I hear people suggest this idea from time to time. I see two problems:

1) Most indie movies aren't very good. People don't like to watch bad movies. But everybody likes to be the person to turn on their crowd to the latest good movie. What are you offering an audience? A curated selection of indie movies that are good?

2) Why would creators give you their movies to help build your service? Creators want to build their own audiences. What do you offer them that they can't get on their own? Your new channel has no viewers; I can put my movie on my own YouTube channel and get no viewers.

In these days of fractured, targetted audiences, you might consider a focussed and curated channel. General-interest venues are on the way out. Viewers might go to "The channel for good, indie rom-coms" or something. It's certainly a marketable hook.

-- Damian
 
I often think of doing similar for equal reasons. In my experience so far, if you really want to set up a site for Indie film maker distribution, you need a pricing structure based on shares out according to films watch for amount of time to the inputting film maker. The successful working model is more about holding lots of peer reviewed indie films going onto the platform - increasing in numbers and the audience paying a subscription monthly to dive in and out of this film or that. No one wants a TV type linear film presentation channel, as far as I can see. People have different moods and tend to chill out by picking this or that movie to watch. Amazon and Netflix have the best models for the masses to come and see. Amazon annually purges titles from off their platform often when they are performing well, or have too much non-mass appeal content (nudity, oddness, or politically incorrect - but only when the film maker has made the film on a nominal budget.

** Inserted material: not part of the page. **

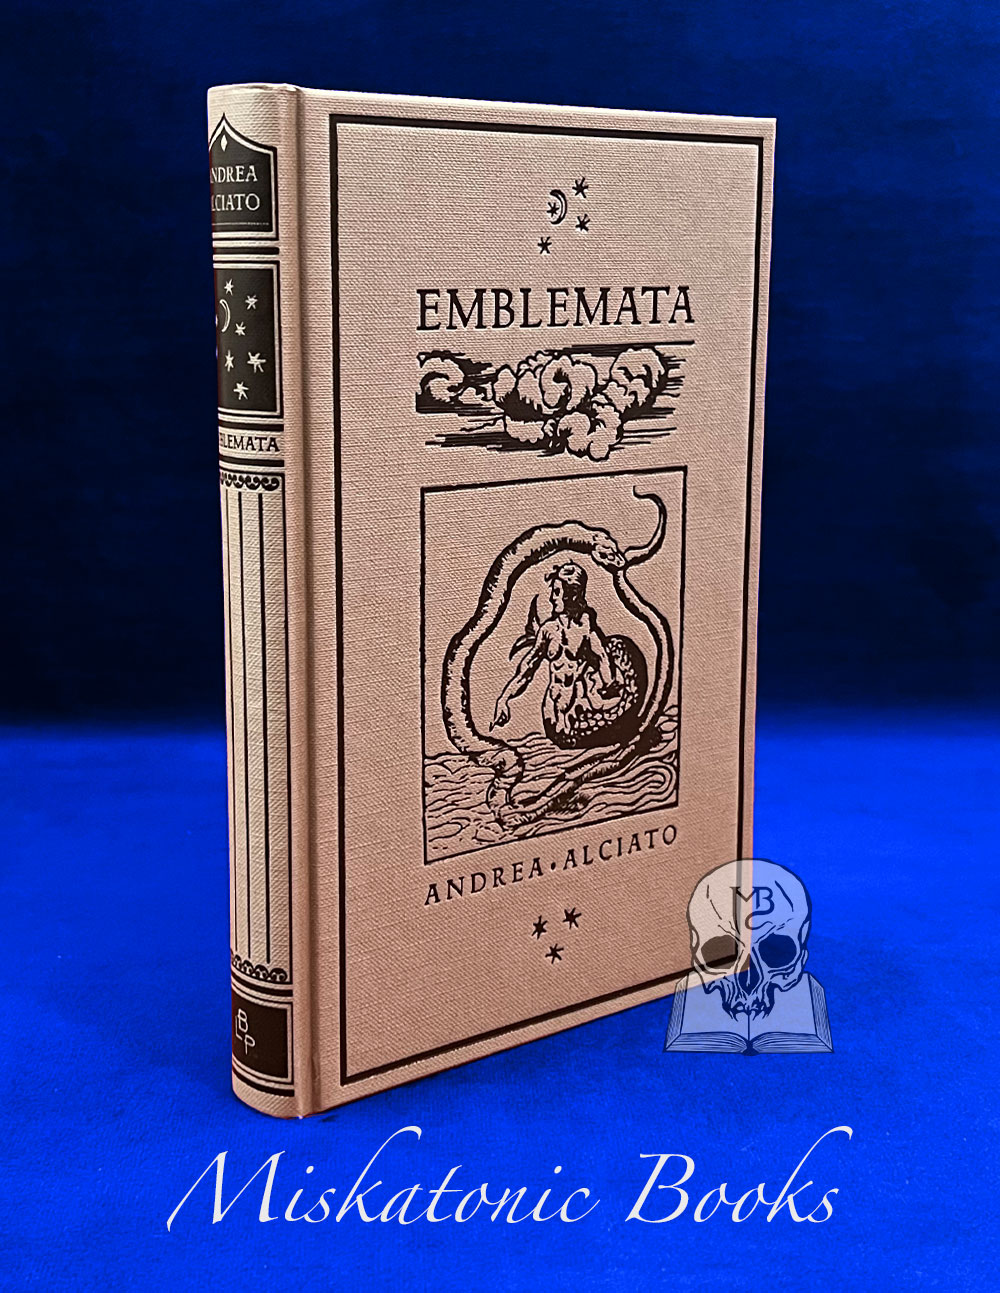 EMBLEMATA by Andrea Alciato, translated by Paul Summers Young (Limited Edition Hardcover)
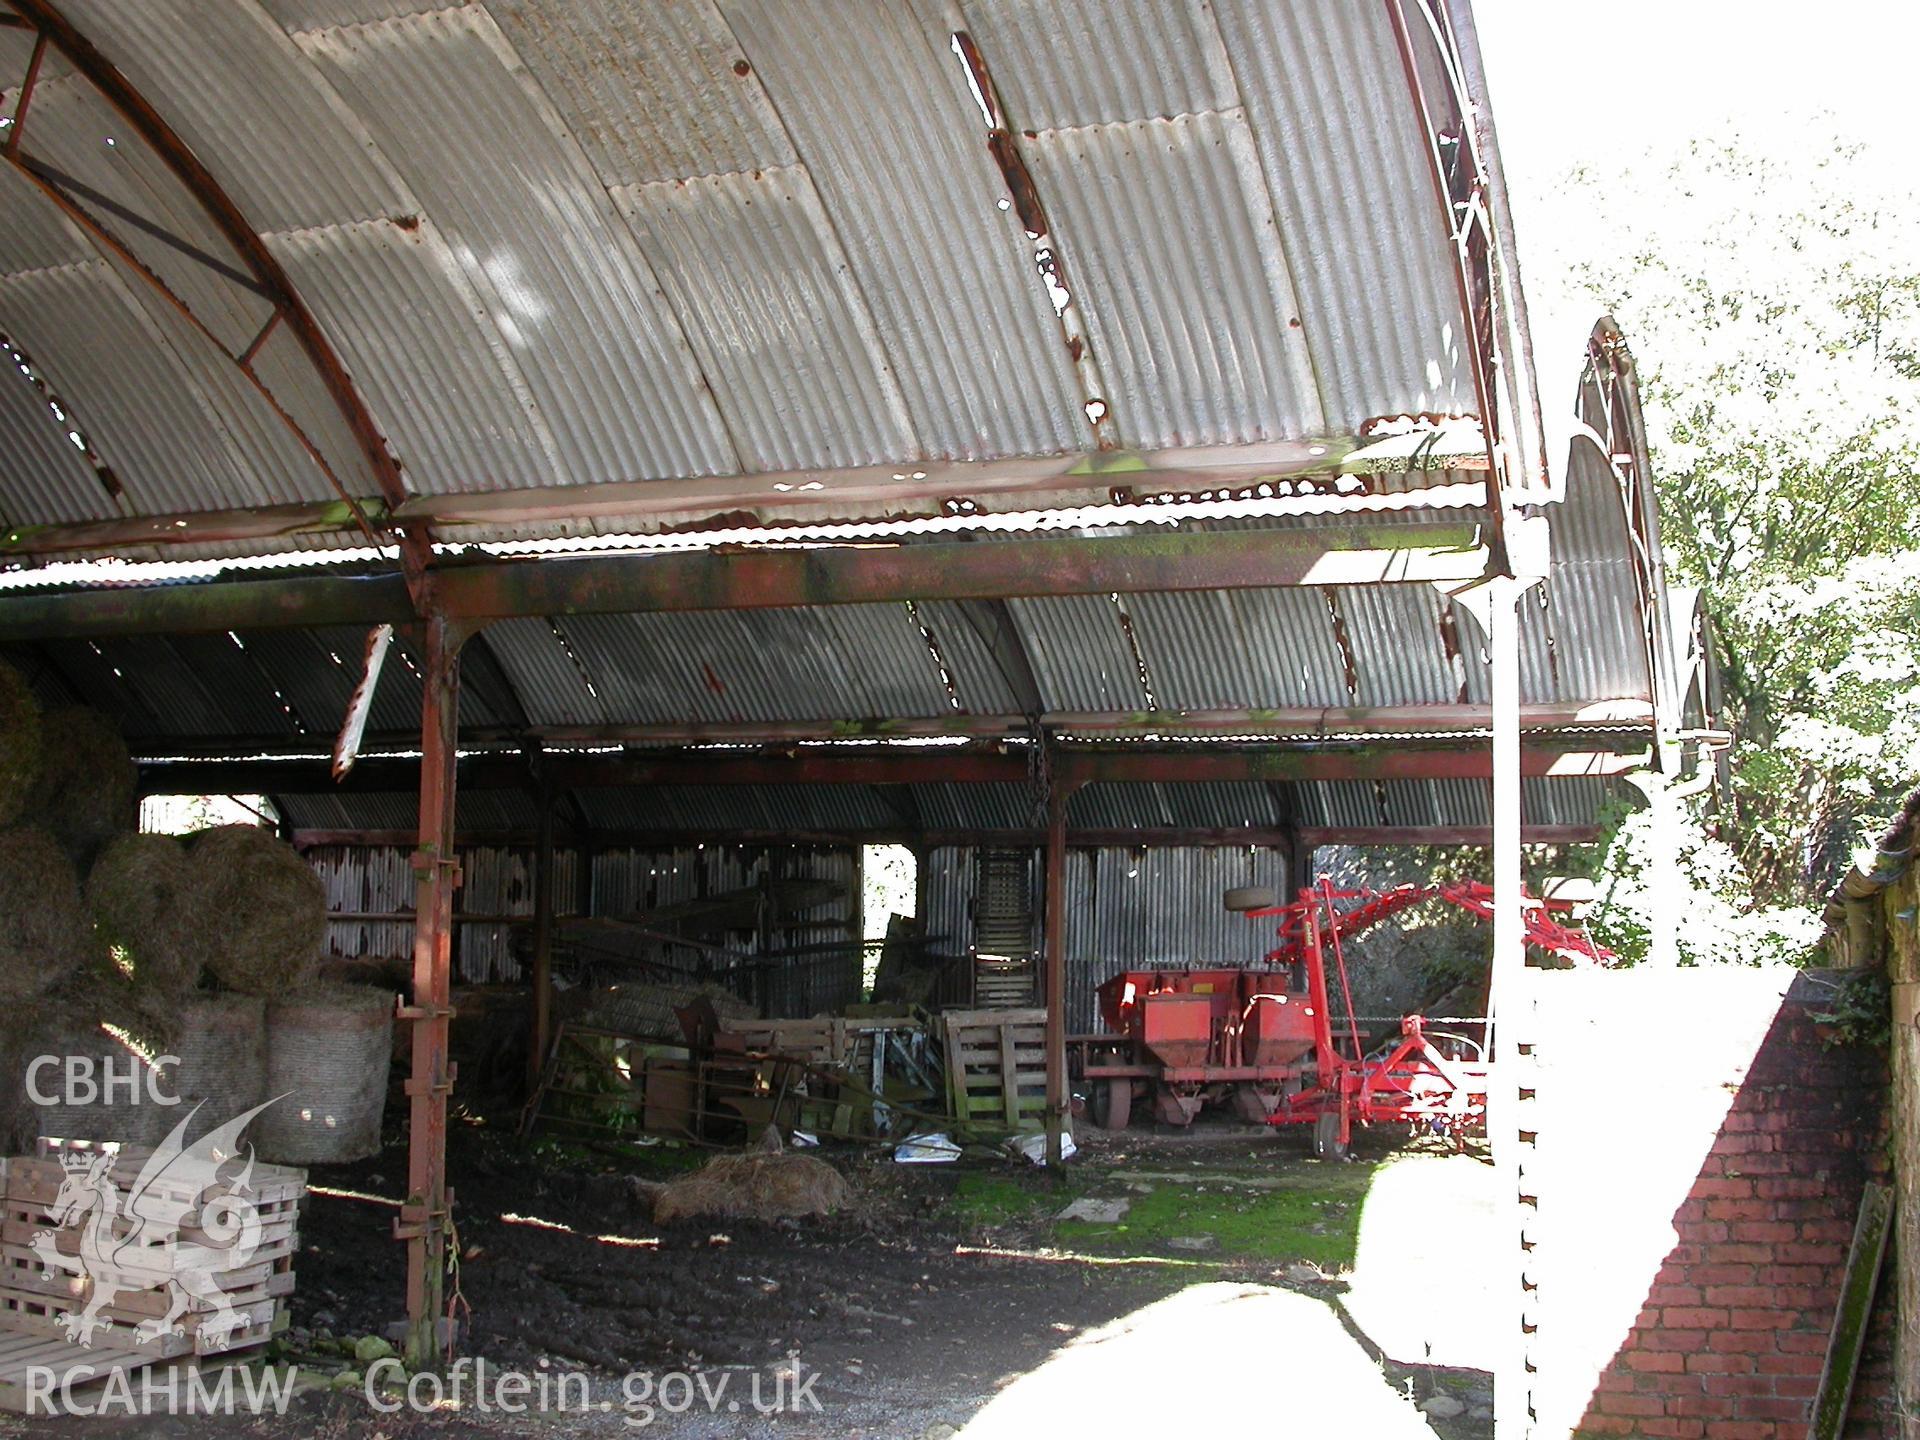 Interior of Dutch barns, from S-E.

A lot of Roku channels are just out-of-date very old horror or SF movies which are quaint but low grade and boring.

Yes. Independent film makers need a streaming channel which enables their films to get out there, but the quality of production of such films needs to hit a certain bar and that means peer reviewing a film. Time consuming.

I hope this helps. i'm open to collaboration if you are serious interested in moving your ideas forward.

my regards,

mol





I'm strongly kicking around the idea of launching a linear-programmed Roku channel. Was hoping to get some thoughts about the idea from everyone here.

I was going to open the channel up to indie producers. Preferably I'd be looking for indie producers of TV shows...you know, episodic stuff. But I'd be open to indie movies and short films, too.

We'd pay a lot of attention to branding and social media marketing.

The idea is the content would be linear as opposed to on demand...like the way TV is delivered on a cable network like Bravo or USA.

It wouldn't make any money at first, of course. It would lose money. But the idea is to create a platform for indie producers who produce good stuff but are having a hard time finding a venue for it.

I'm thinking of developing a direct response monetization model...you know, companies can run advertising on the channel for free and only pay something if a sale is made.

Thoughts? Do you think producers would be interested in providing content? That's what the whole thing would hinge on -- content.